Kilmaru is the pseudonym used by an anonymous video creator whose first-person videos depict famous cities and public locations as though no other people are present. The account started publishing videos on TikTok in 2021. The videos contain no dialogue, and the individual behind the camera never appears on screen.

== Videos ==
The earliest uploads featured deserted streets, supermarkets and a McDonald's restaurant. Later videos expanded to city centres including New York, London, Rome, Barcelona as well as the Vatican Museums and the Colosseum, each shown without any visible people. Other videos have shown Berlin, Tokyo, Florence and Pisa in broad daylight, with no pedestrians, no museum visitors, and no customers or employees visible inside shops. The locations are places that are usually busy, such as Piccadilly Circus and Times Square.

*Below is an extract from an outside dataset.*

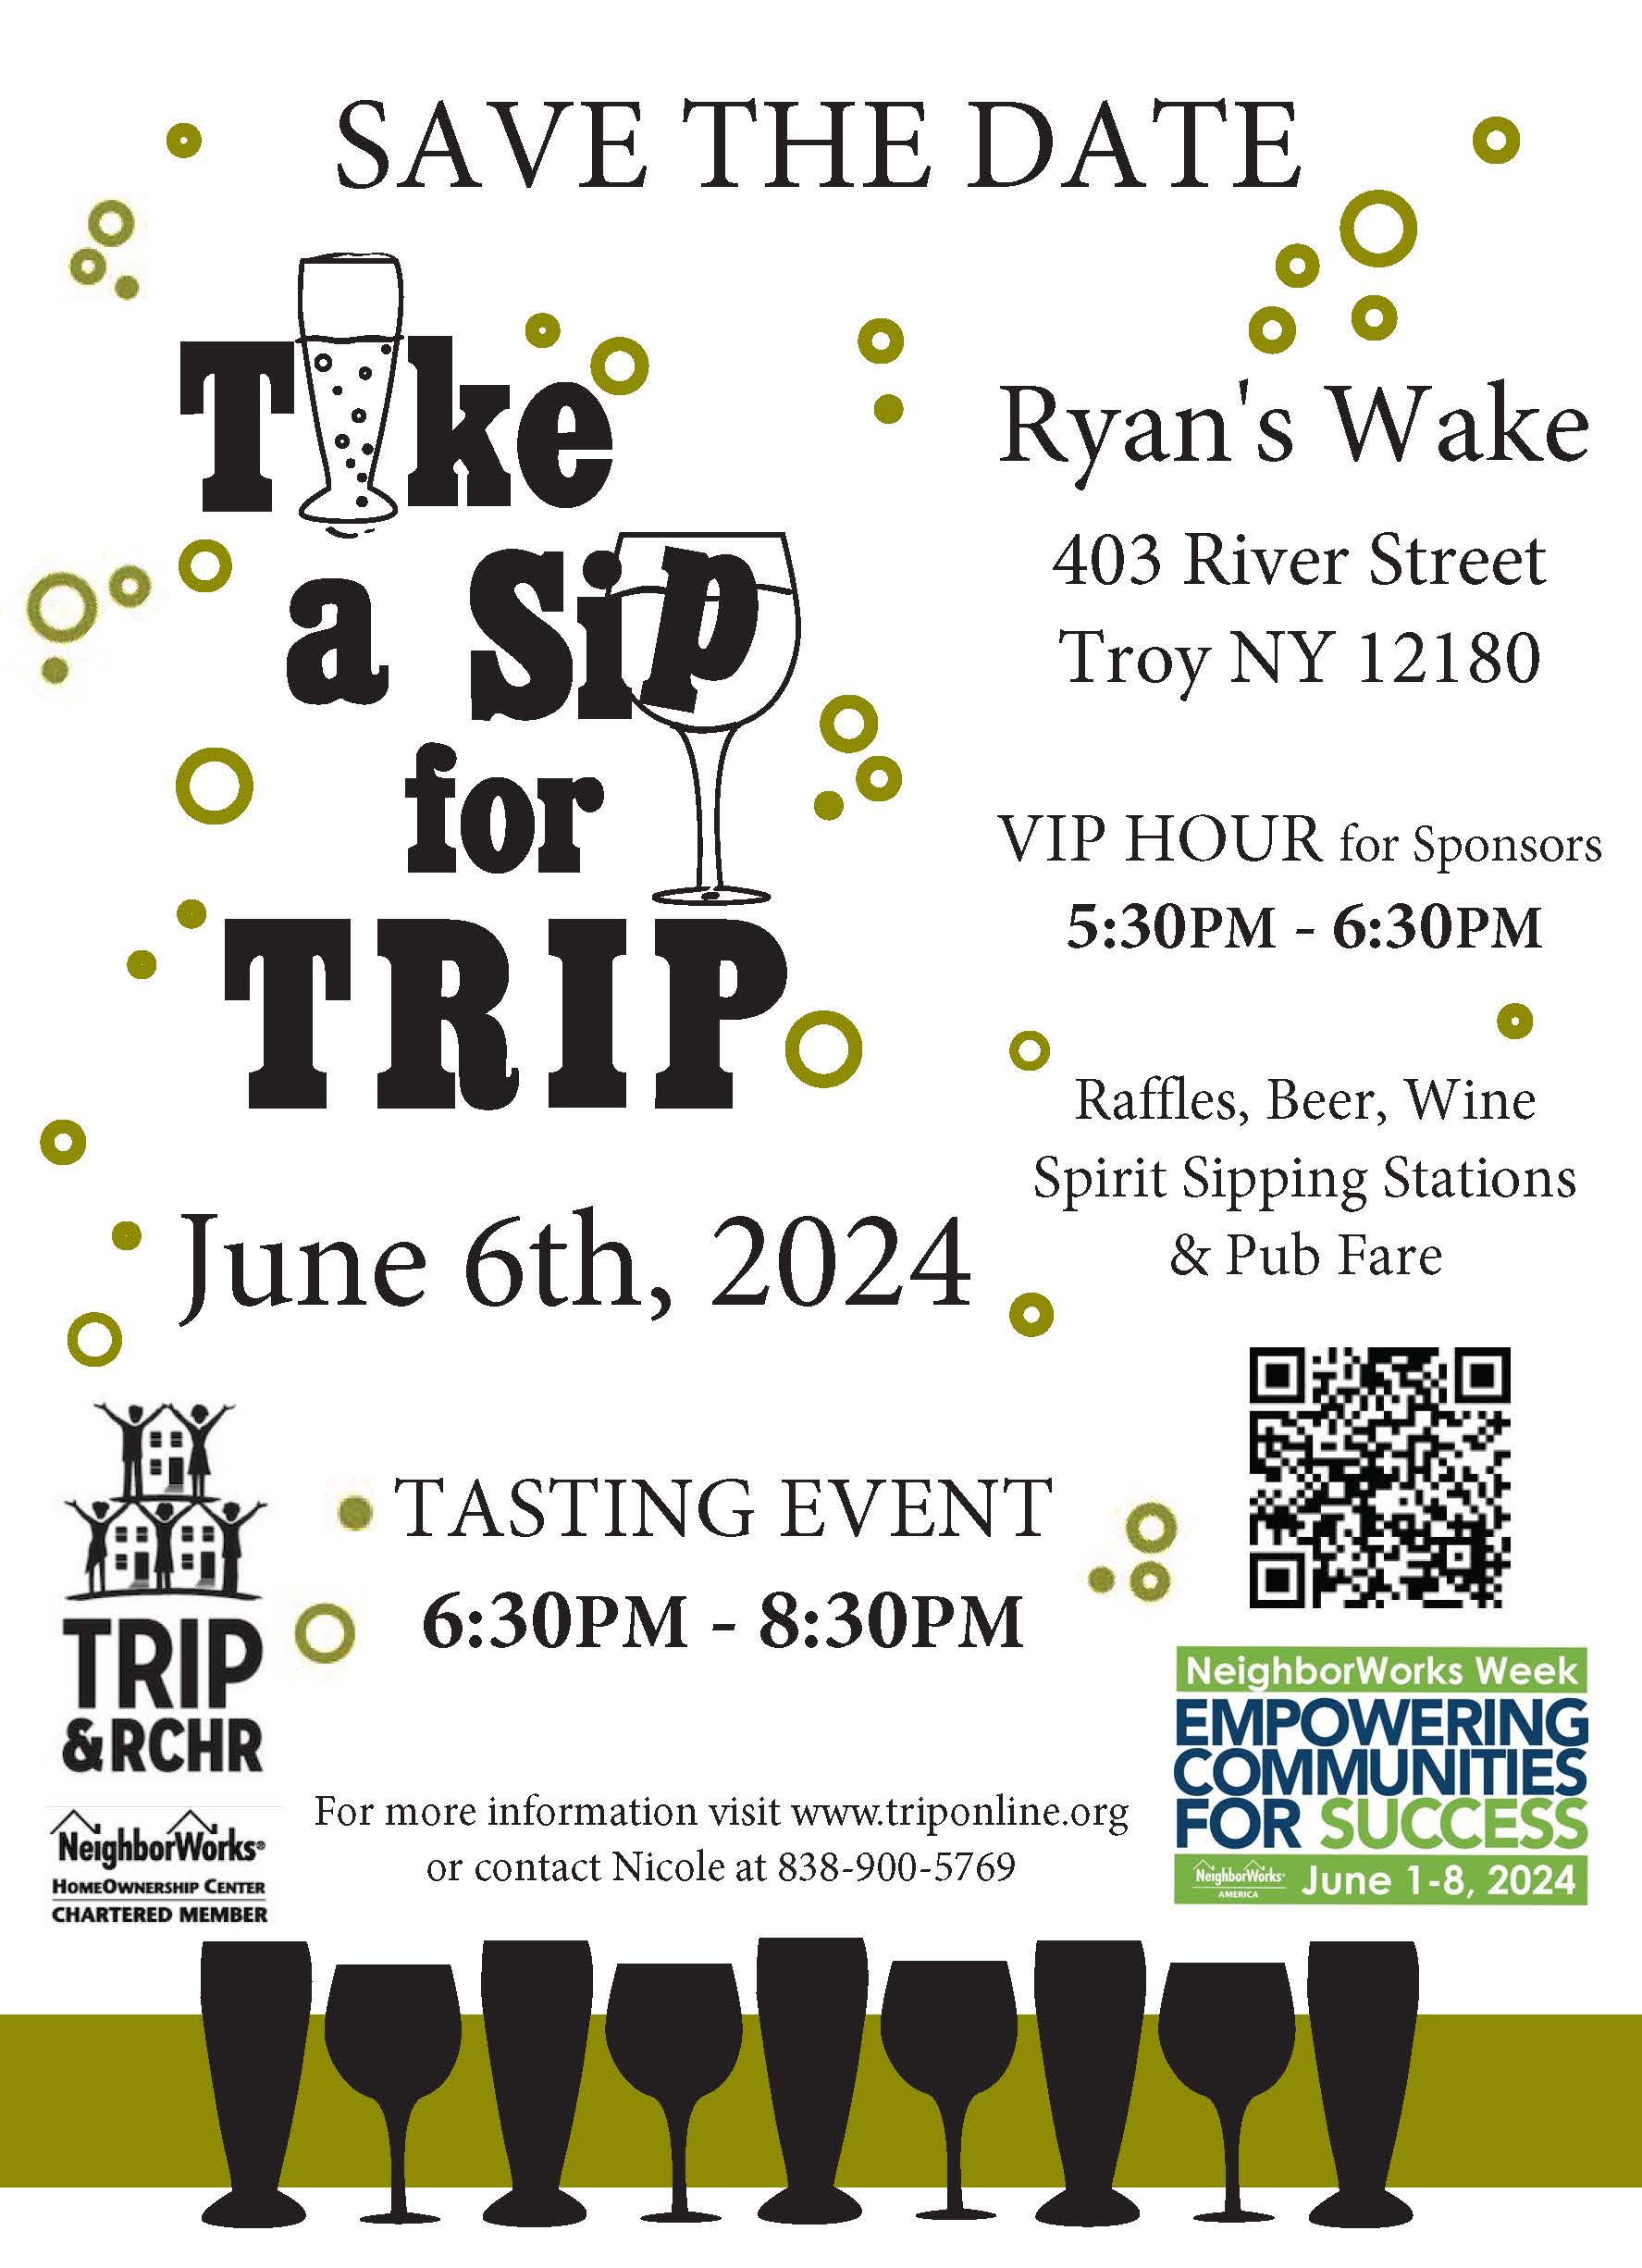 "Take a Sip for Trip" save the date for June 6th, 2024 at Ryan's Wake

According to the narrative presented on the account, the narrator previously worked as a programmer of artificial intelligence systems and arrived in an uninhabited parallel world after hacking a quantum computer. In June 2021, a five-part series showed the narrator waking up aboard an abandoned cruise ship. Newsweek described the series as a continuation of the "empty world" videos, which had begun in March of that year.

== Production ==
The fact-checking website Snopes examined the cruise ship videos and concluded that they had been filmed under normal conditions before the other people were removed during post-production. Geopop reported the same process, describing the use of object-removal software similar to Google's Magic Eraser together with filming early in the morning, when fewer people are present and need to be removed. The visual effects channel Corridor Crew dedicated an episode of its VFX Artists React series to the videos.

== Recognition ==
During the 2021 Monaco Streaming Film Festival, the account received the Best Creative Content award. The winners were credited as the duo "Kilian and Maruta".